Kellogg Starts its Day Right
A very different kind of Competition Act civil damages case, Janine Bédard v. Kellogg Canada Inc.,3 was decided in May, 2007, and confirmed on appeal in April 2008.4 The Kellog case involved an allegation by a consumer that Kellogg, in advertising and packaging claims, asserted that both its Frosted Flakes and its Fruit Loops contained "1/3 less sugar than the original," and thereby engaged in a materially false or misleading claim contrary to Section 52 of the Competition Act. Ms. Bédard sought to bring a class action against Kellogg. Kellogg moved to strike out the claim as disclosing no clause of action.
It is apparent from the decision that the parties had very significant factual disagreements with one another as to whether the cereals actually did contain less sugar, how much less sugar, and whether that was misleading or not. The Court concluded that it could not determine these sorts of disputes at a preliminary stage. In addition to the factual disputes, it was also clear that Kellogg had significant prima facie evidence that the way it had marketed its product was consistent with, and indeed potentially required by, various food product marketing regulations. Again the Court ruled that these issues could not be determined on a preliminary basis. Ultimately, the Court concluded that it was not sufficiently clear that the plaintiff could not succeed and that the case should not be struck out as not disclosing a cause of action.5
On the motion for certification as a class action, however, Kellogg was successful. The certification was rejected primarily because there was no attempt to determine how individual purchasers' claims might be adjudicated. Rather, the class plaintiff proposed that the damage be paid to charity.

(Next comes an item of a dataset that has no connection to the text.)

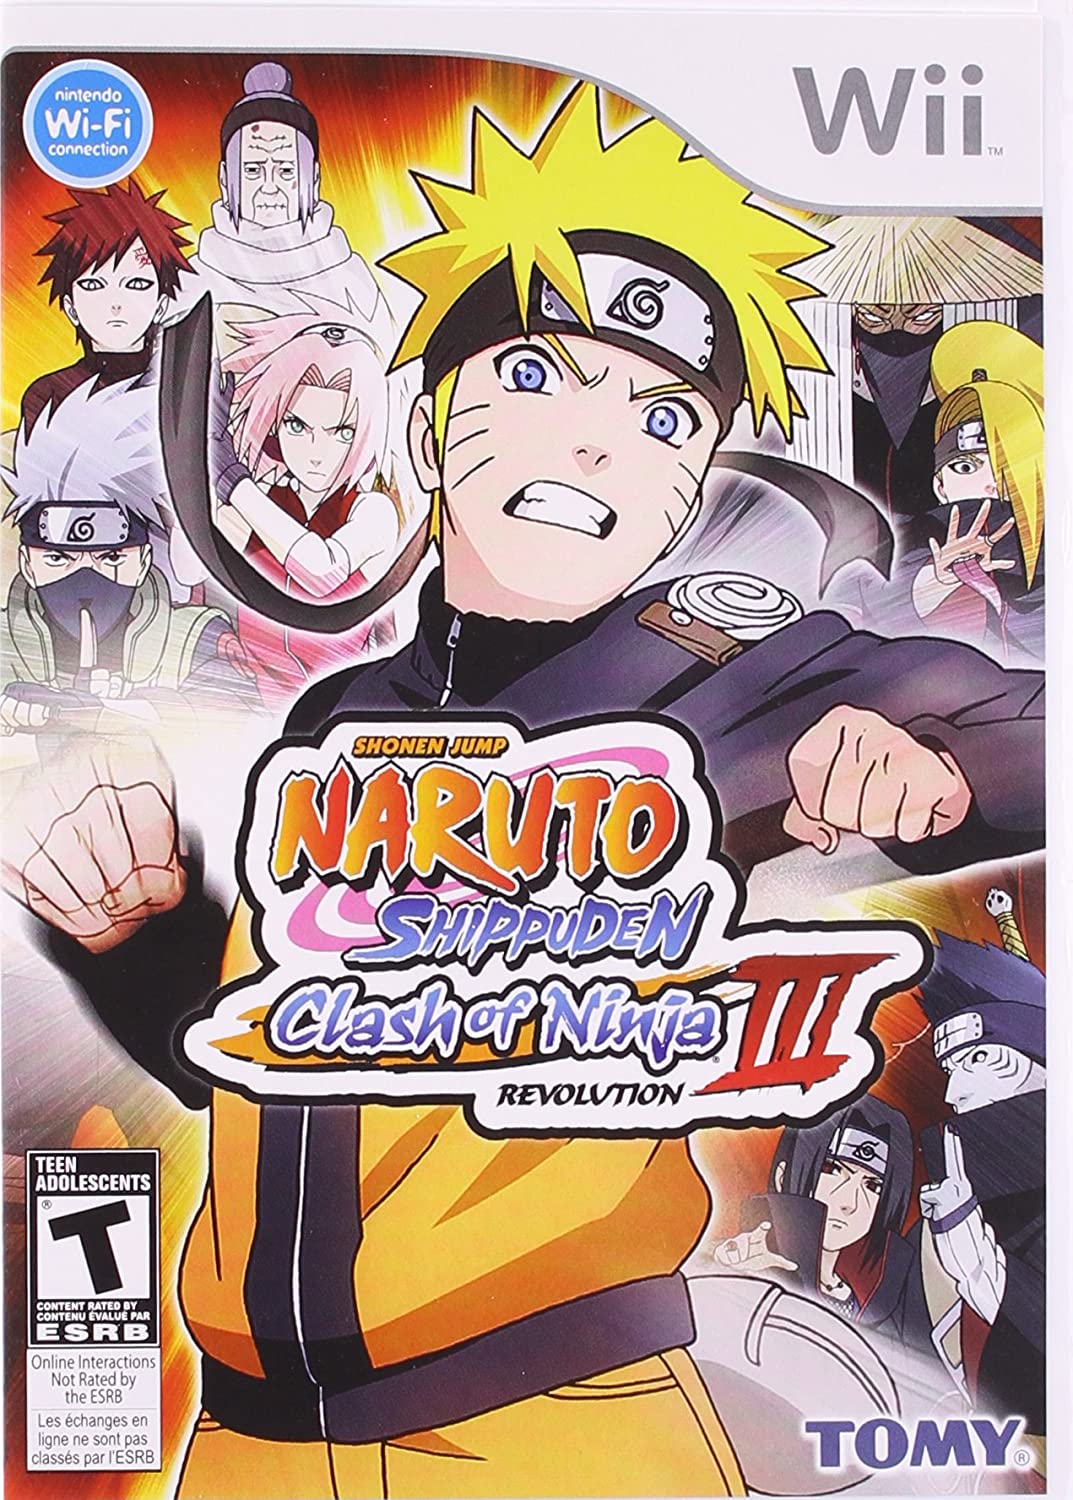 Naruto Shippuden: Clash of Ninja Revolution 3 player count stats

Paragraph 112 of the judgment provides:
"As the applicant recognized, the most important aspect of this action is not to provide access to justice for purchasers to compensate them, since there is no intention here of reimbursement. The purpose of the action is essentially to penalize and end the respondent's allegedly reprehensible conduct. The legislature has in fact provided specific machinery for this. Ms. Bédard need only file a complaint with the Canadian Food Inspection Agency or with the Competition Commissioner. They certainly have the expertise and authority to terminate the conduct of which Ms. Bédard complains. Moreover the Act provides for severe fines."
Thus, the action was not certified as a class action. This reluctance to certify a Competition Act class action, when it is not designed to compensate victims of alleged conduct, but rather to penalize the wrongdoer, and the recognition of the role of the Commissioner of Competition and criminal penalties under the Competition Act as an argument against class actions to penalize or to modify behaviour, is consistent with comments found in the Pro-Sys case. We may see more proposed Competition Act class action cases in which actual "victims" will not receive meaningful compensation being subject to very careful scrutiny before being certified.
The conclusion to be drawn from both of the Toyota and Kellogg cases, as well as the Pro-Sys case we detailed in our Summer 2008 Competition and Marketing Brief,6 is that Competition Act class actions are becoming at least somewhat more difficult to certify, and the primary stumbling block is typically the difficulty in showing injury on a class basis.